A palindrome reads the same forward and backward. For example:

```text
121
```

is a palindrome because it reads the same from both directions.

But:

```text
-121
```

is not a palindrome, because reversing it gives:

```text
121-
```

The follow-up asks whether we can solve the problem without converting the integer to a string. The input range is `-2^31 <= x <= 2^31 - 1`.

## Input and Output

| Item | Meaning |
|---|---|
| Input | An integer `x` |
| Output | `true` if `x` is a palindrome, otherwise `false` |
| Constraint | `-2^31 <= x <= 2^31 - 1` |
| Follow-up | Solve without converting the integer to a string |

Example function shape:

```python
def isPalindrome(x: int) -> bool:
    ...
```

## Examples

Example 1:

```text
x = 121
```

Output:

```text
true
```

Explanation:

```text
121
```

reads the same forward and backward.

Example 2:

```text
x = -121
```

Output:

```text
false
```

A negative sign appears only on the left side. So a negative number cannot read the same backward.

Example 3:

```text
x = 10
```

Output:

```text
false
```

Reading backward gives:

```text
01
```

which is not the same integer form as:

```text
10
```

## First Thought: Convert to String

The simplest solution is to convert the number to a string and compare it with its reverse.

```python
class Solution:
    def isPalindrome(self, x: int) -> bool:
        s = str(x)
        return s == s[::-1]
```

This works for the basic problem.

But the follow-up asks for a solution without string conversion, so we should solve it with arithmetic.

## Key Insight

We can reverse only the second half of the number.

For example:

```text
x = 1221
```

Take digits from the right side and build a reversed half:

```text
x = 122, reversed_half = 1
x = 12,  reversed_half = 12
```

Now compare:

```text
x == reversed_half
12 == 12
```

So `1221` is a palindrome.

For an odd number of digits:

```text
x = 12321
```

After reversing half:

```text
x = 12, reversed_half = 123
```

The middle digit does not matter.

So we compare:

```text
x == reversed_half // 10
12 == 12
```

This is why the final condition has two cases:

```python
x == reversed_half or x == reversed_half // 10
```

## Early Rejections

Negative numbers cannot be palindromes:

```python
x < 0
```

Numbers ending in `0` also cannot be palindromes unless the number is exactly `0`.

For example:

```text
10
```

would need to read backward as:

```text
01
```

But integers do not keep leading zeros.

So we reject:

```python
x != 0 and x % 10 == 0
```

## Algorithm

1. If `x < 0`, return `False`.
2. If `x` ends in `0` and `x != 0`, return `False`.
3. Set `reversed_half = 0`.
4. While `x > reversed_half`:
   - take the last digit of `x`
   - append it to `reversed_half`
   - remove the last digit from `x`
5. Return whether:
   - `x == reversed_half`, for even digit count
   - or `x == reversed_half // 10`, for odd digit count

## Correctness

At each loop step, we move one digit from the end of `x` into `reversed_half`.

The operation:

```python
reversed_half = reversed_half * 10 + x % 10
```

appends the last digit of `x` to the reversed half.

The operation:

```python
x //= 10
```

removes that digit from `x`.

So after `k` steps:

- `x` contains the original number without its last `k` digits
- `reversed_half` contains those `k` removed digits in reversed order

The loop stops when `reversed_half` has at least as many digits as `x`.
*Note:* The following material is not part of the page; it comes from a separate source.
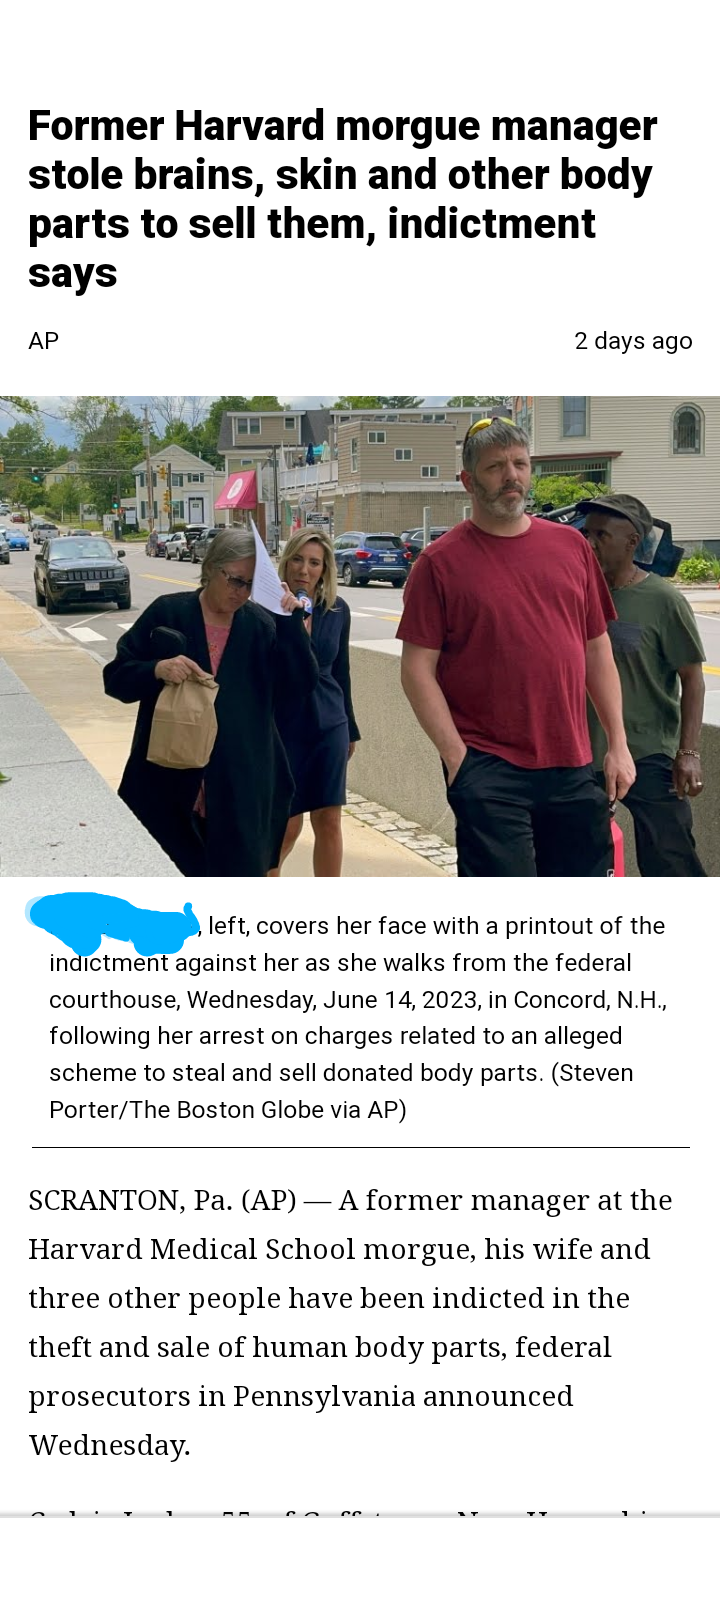 trashy people - media - Former Harvard morgue manager stole brains, skin and other body parts to sell them, indictment says Ap 2 days ago left, covers her face with a printout of the indictment against her as she walks from the federal courthouse, Wednesd

For even digit counts, both halves should be equal.

For odd digit counts, `reversed_half` has one extra middle digit, so we drop it with integer division by `10`.

Therefore the algorithm returns `True` exactly when the original integer reads the same forward and backward.

## Complexity

| Metric | Value | Why |
|---|---|---|
| Time | `O(log10(x))` | We process half of the decimal digits |
| Space | `O(1)` | Only integer variables are stored |

For the given 32-bit range, this is bounded by a small constant.

## Implementation

```python
class Solution:
    def isPalindrome(self, x: int) -> bool:
        if x < 0:
            return False

        if x != 0 and x % 10 == 0:
            return False

        reversed_half = 0

        while x > reversed_half:
            reversed_half = reversed_half * 10 + x % 10
            x //= 10

        return x == reversed_half or x == reversed_half // 10
```

## Code Explanation

Reject negative numbers:

```python
if x < 0:
    return False
```

Reject numbers like `10`, `100`, and `1230`:

```python
if x != 0 and x % 10 == 0:
    return False
```

Then reverse only half of the number:

```python
while x > reversed_half:
```

Move the last digit from `x` to `reversed_half`:

```python
reversed_half = reversed_half * 10 + x % 10
x //= 10
```

Finally compare the two halves:

```python
return x == reversed_half or x == reversed_half // 10
```

The first comparison handles even digit counts.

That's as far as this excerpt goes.